Recalling how his initial thought about the Rolling Stone article was that it would only make the series loom larger, he told reporters, "We know we're making a show that is provocative. It's not lost on us."
But the allegations in the story, he continued, "felt completely foreign to me. But I know who I am…People can write whatever they want. If I have a slight objection, it's that they intentionally omitted anything that didn't fit their narrative. But I think we have seen a lot of that lately."
Depp, who's been nothing but supportive of Levinson and The Weeknd, noted, "It's always a little sad and disheartening to see mean, false things said about someone you care about.

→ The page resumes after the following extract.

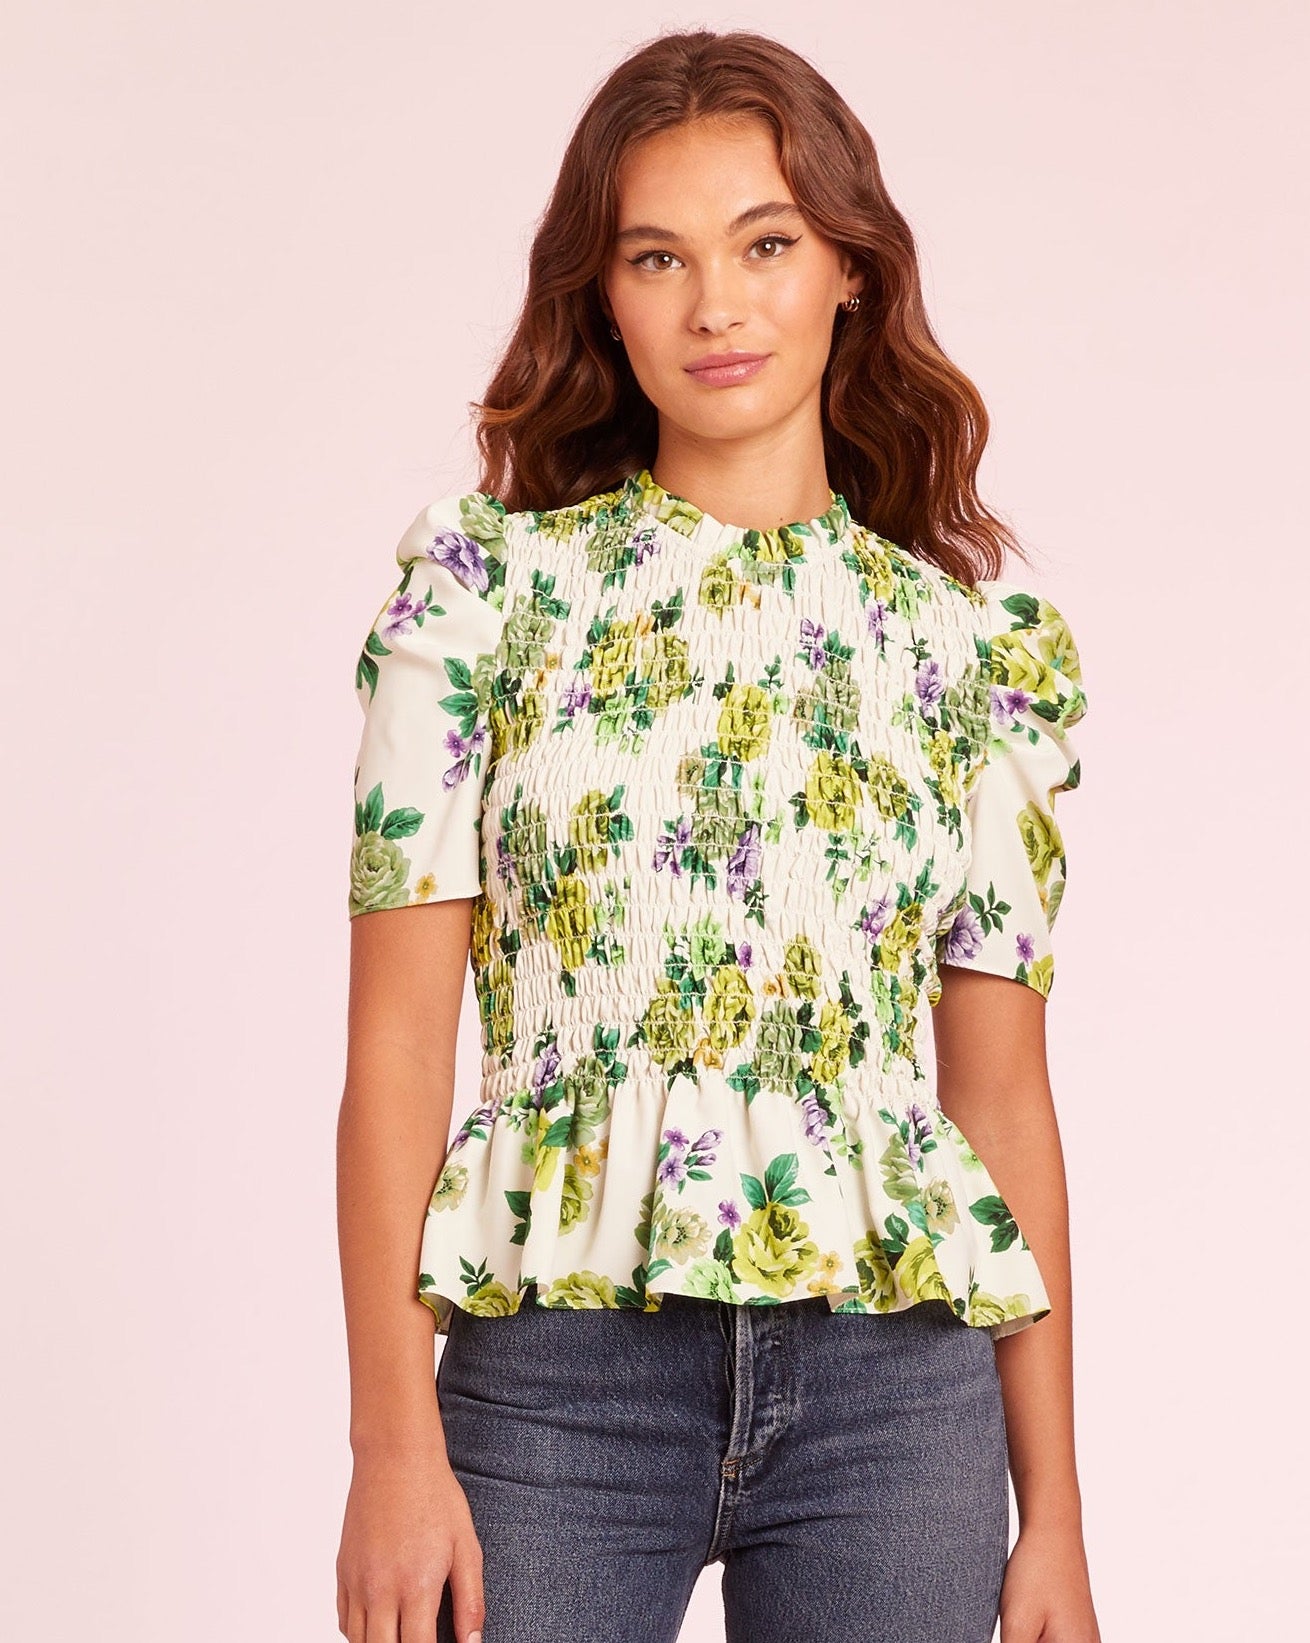 Floral pattern, smocked bodice top. Gathered puff sleeves. This top gives Italian countryside vibes! Amanda Uprichard.

It wasn't reflective at all of my experience."
Levinson maintained that he was "proud of this show, proud of how we made this show."
Sivan called The Weeknd "so lovely and hilarious," and Depp agreed, telling E! News, "He's a generous scene partner, he's really present, he's really supportive and he is a really good friend to me—to all of us."
Acknowledging The Idol's intense subject matter and graphic sexual content, she explained, "I think for me personally, when you're going to these really vulnerable emotional places with somebody in a scene, the hope is that you'll have that kind of trust and safety with them, and I really feel like I had that with Abel tenfold, and I'm very grateful he was the person I was doing that with."
But as far as the show itself, Depp accepted that it's now in audiences' hands to respond to it however they will.
"The beautiful thing about art is people are going to take way from it what they want to see in that moment," she said. "To me, it raises a lot of interesting questions about celebrity culture and idolatry and how we see people we actually don't know at all and talk about them as if we really do know them, and how strange that concept is and what kind of effect that can have on somebody's psyche."
"You just don't ever know what's going on behind closed doors," Depp added, "even if you see a lot of somebody's face and you imagine that you know them—you don't, unless you do."
The Idol premieres Sunday, June 4, at 9 p.m. on HBO and MAX.